I’m sure that ctromley is correct that “Many audiologists make all their money on selling the HAs and provide unlimited visits for free.” audiologist doesn’t work that way. She’s in the audiology department of a large medical clinic – she’s compensated by charging for patient visits, rather than getting a commission on the HAs she sells. It probably makes sense to simply self-pay for the “tune-up” services I’ll need for the life of my current hearing aids, and then buy the next pair from someplace like Costco.

My understanding is that audiologists who will work on a fee-for-service basis are rare, but they do exist. Finding one will take some digging, and as far as I know getting insurance to pay for it could be harder.

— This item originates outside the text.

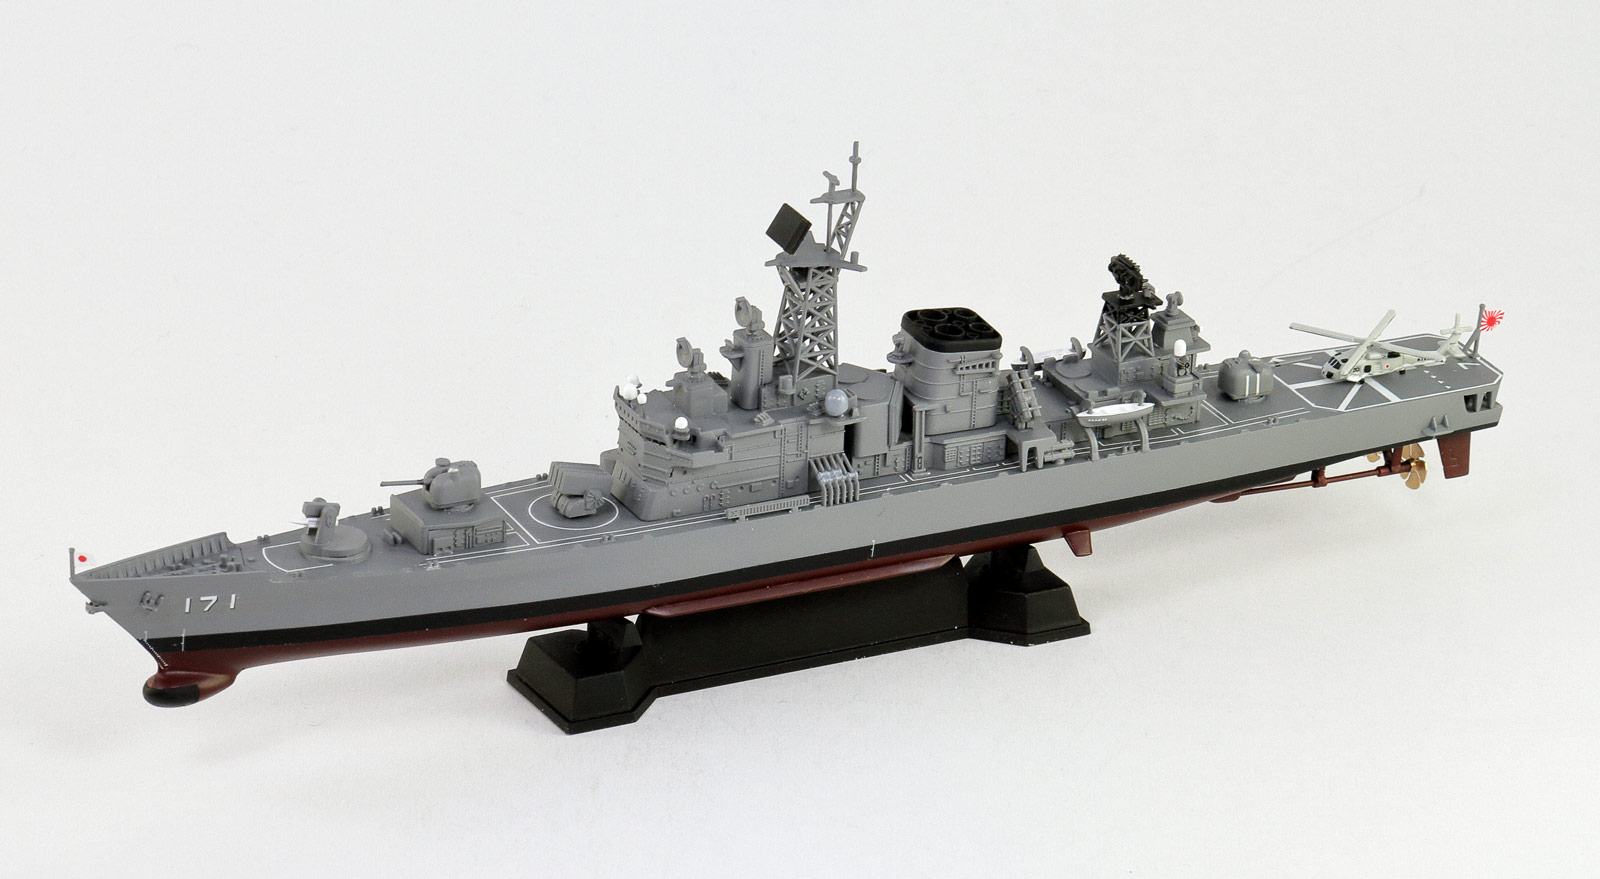 商品コード 海上自衛隊 模型 護衛艦 模型/プラモデル
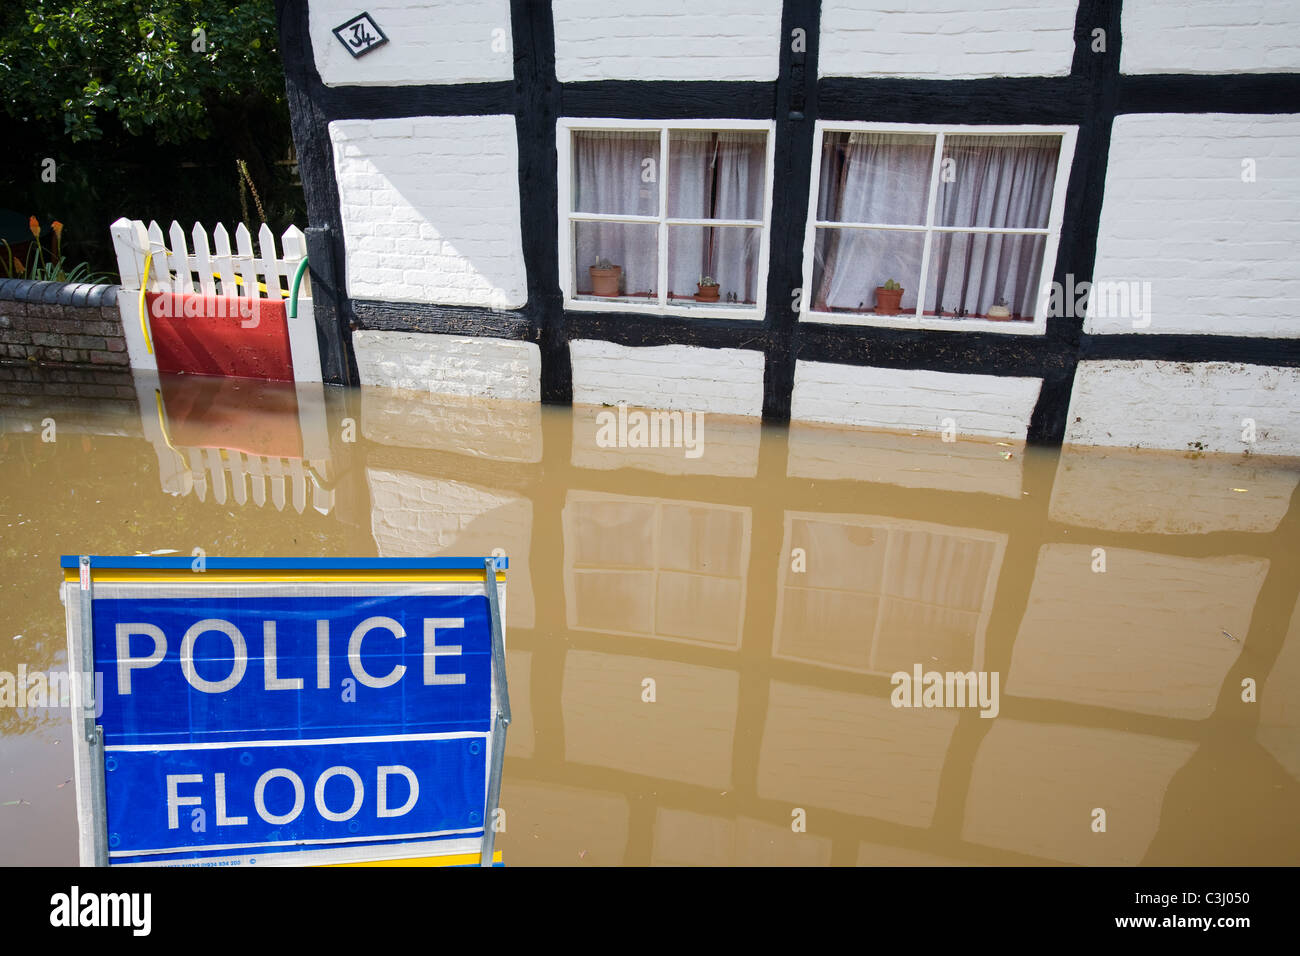 Flooding in Tewkesbury, UK. Stock Photo

If you’re technically-oriented at all you might consider the DIY route. Right click on the avatar of forum user “pvc”, or select "Hearing Aid Self-Fitting and Adjusting [DIY] to get to the DIY world. You will need the Target software used to program Phonak hearing aids, and a Noalink Wireless Bluetooth programmer. ($125 - $175 on eBay, Amazon, etc.)

Then you hang out on the DIY forum to learn how these things work from the inside. It will take awhile. I have all that and am a retired engineer, but the farthest I’ve gotten is to read the original setup in my hearing aids so I can compare it to adjustments the Costco HIS made for me just recently. I didn’t really understand what he was doing or why during that last session, but I hope to gain a better grasp in time. I’m banking on the DIY forum to be my teacher.

Also worth knowing is that when I got my first assessment (after which I was knocked over at the costs I was looking at), that first visit pre-sale was paid out-of-pocket. Perhaps that’s common in the industry? It’s been suggested we should get a new test annually, so you could go to a new audiologist as a “first-time” patient, get tested, get your audiogram (which they are required to give you) and then program any changes into your aids.

Or if you can find a new audiologist at a clinic instead of a private practice, you can get fee-for-service care.